The union has said its members shouldn’t be required to work in person before they’ve had a chance to be vaccinated, arguing educators should be moved to the front of the vaccine line if the city wants to reopen schools immediately.

Lightfoot and Health Commissioner Dr. Allison Arwady have been reluctant to do that, saying essential workers who have been in person all this time should be prioritized over teachers.

“The vaccine is a part of a public health toolkit in order to mitigate the spread of COVID,” Jackson said. “Rule No. 1 is that you have to disseminate those vaccines in places where we’re trying to stop the spread of COVID. Schools are not significant sources of spread. And so this is a public health solution. We have to start with that. Some of these other things are incredibly important, but some of them are political decisions.”

In my view, teachers are among the most-propagandized groups when it comes to hysteria over Covid risks. Because so many of them are true believers in the cant of the left, the rank and file may well feel seriously threatened by risks that other groups shrug off. In addition, they probably bought into the misinformation spread about hydroxychloroquine (and now, Ivermectin) being supposedly ineffective, even harmful, in the early treatment of Covid. Those early therapies could limit harm in many, many cases, if used early and in combination with other common drugs and supplements. (Of course, make any decisions abut your own health care in consultation with your physician. I do not offer any medical advice here.)

The cancellation of classroom learning over Covid fears is imposing huge costs on children, their parents and society. In the long run, the dumbing down, psychic cost, and lack of socialization of a generation of kids may turn out to be deeply destructive for American society and impair out international competitiveness.

And it is all so unnecessary. As is well established, children very rarely get Covid, and teachers are safer than many, many other categories of workers (supermarket cashiers, for one of countless examples) who have worked through the epidemic as “essential” workers. Cheryl K. Chumley of the Washington Times writes:

According to 2011-2012 data from the National Center for Education Studies, the average age of teachers in the United States was 42. Roughly 15% were younger than 30 years old; 54% fell between 30 years old and 49 years old; nearly 12% were between the ages of 50 and 54; and almost 19% were age 55 or higher.

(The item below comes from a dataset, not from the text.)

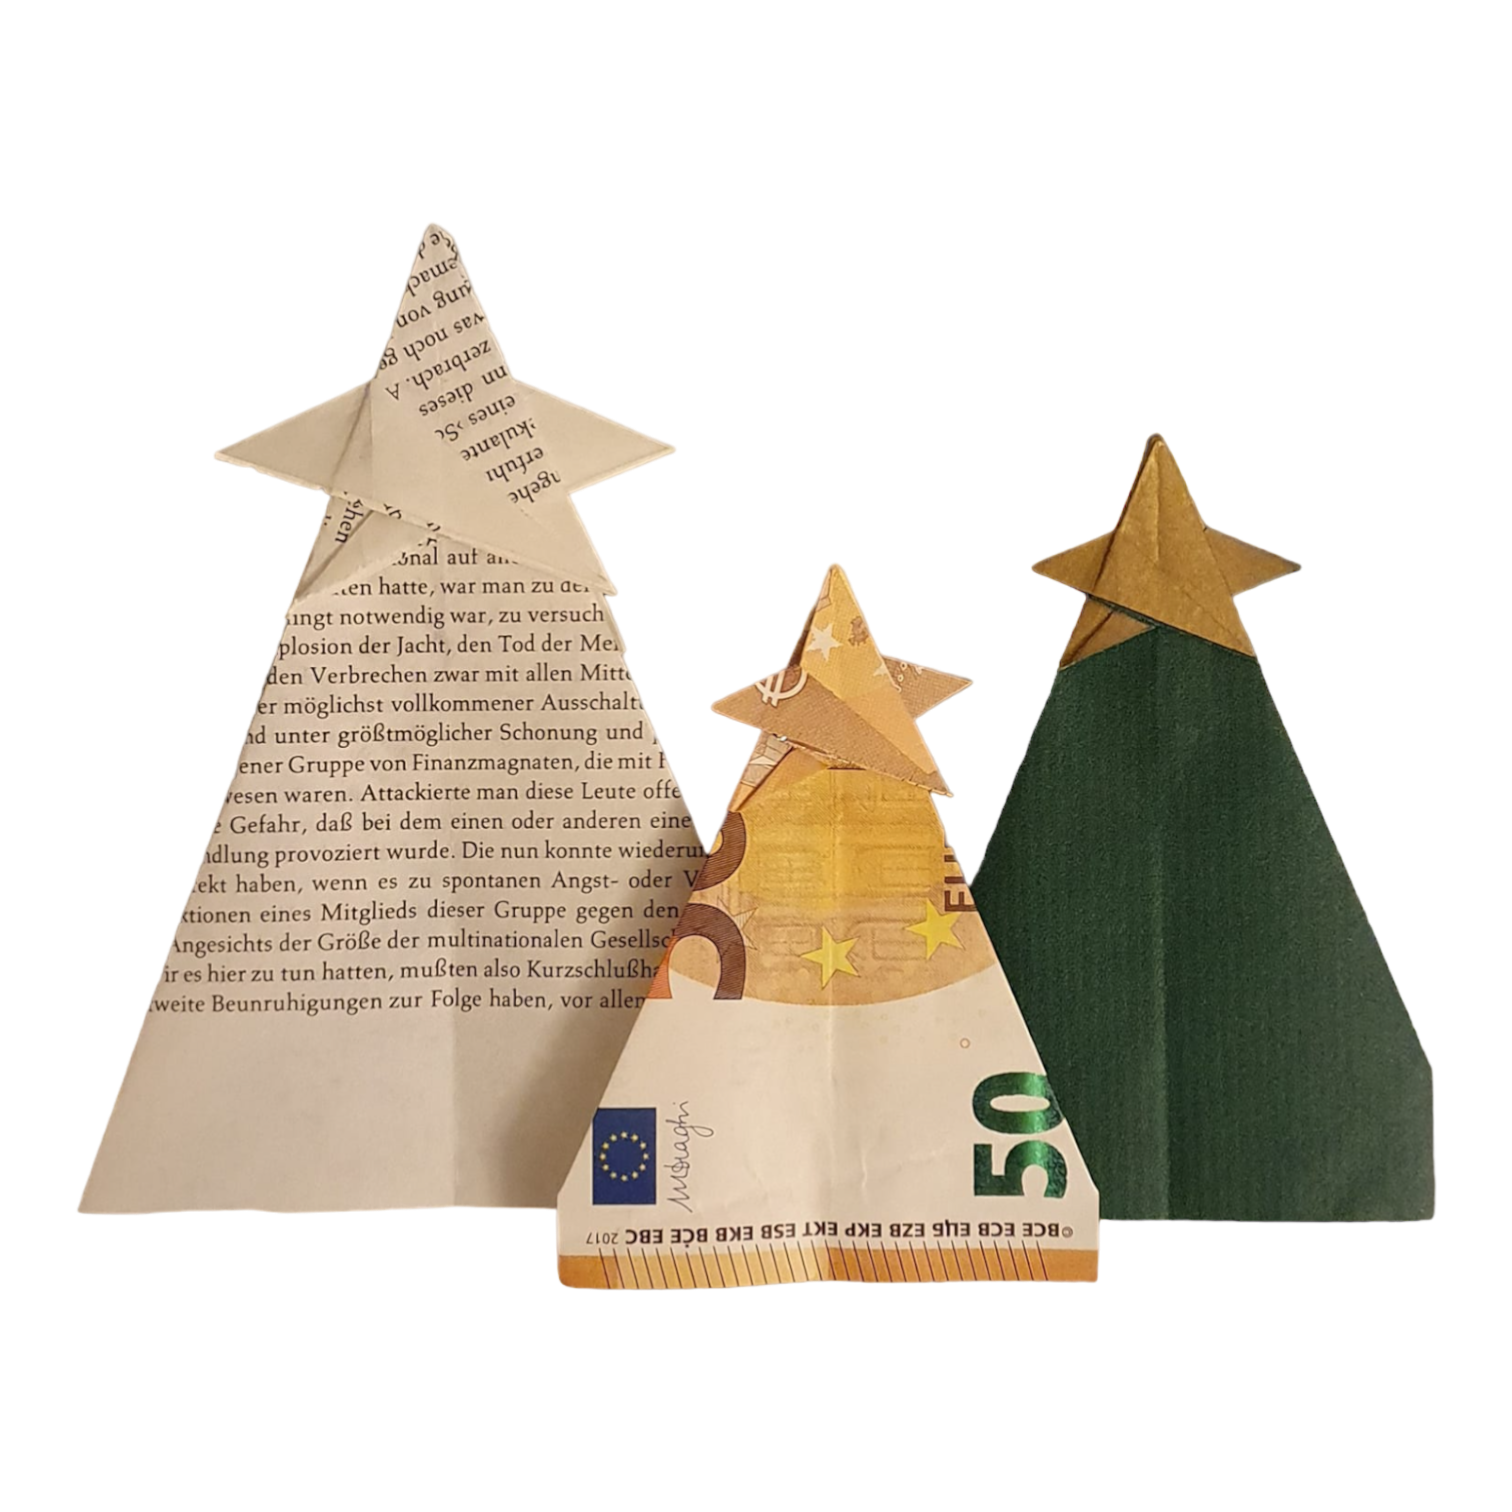 Origami Geldschein Weihnachtsbaum mit Stern

Child Trends, meanwhile, reported that in 2017-2018, only 17% of public school teachers in America were above the age of 55 years old; 12% were between 50 and 54 years old; 57% between 30 and 49 years old; and 14% younger than 30.

In other words: They’re not exactly fitting the profile of COVID-19’s most vulnerable. And suggesting otherwise — as this headline, “Nearly one third of U.S. teachers are at higher risk of severe illness from COVID-19 due to age,” as Child Trends wrote in April of 2020 — is hyperbolic.

The only reason teachers get by with staying home from school is because their unions are using the coronavirus to financial and political advantage. The unions are driven by far-left socialists who think nothing of putting kids in harm’s way — of stymying their educational growth, of shuttering their social maturity, of yanking their athletics and stopping their after-school programs and even turning blind eyes to those who are abused, hungry and harassed — the unions think nothing of harming youth this way if it advances their demands for more pay, more money, more cushy work benefits.

The situation in Chicago is worth watching closely. Democrat leaders like Lightfoot are caught between pressures from parents and the irrational demands of their single most important interest group. If teachers continue to shrug off their duries, they should be subject to discipline, including firing, though the idea of a Demcorat taking such aciton againsts a critical interest group is fanciful.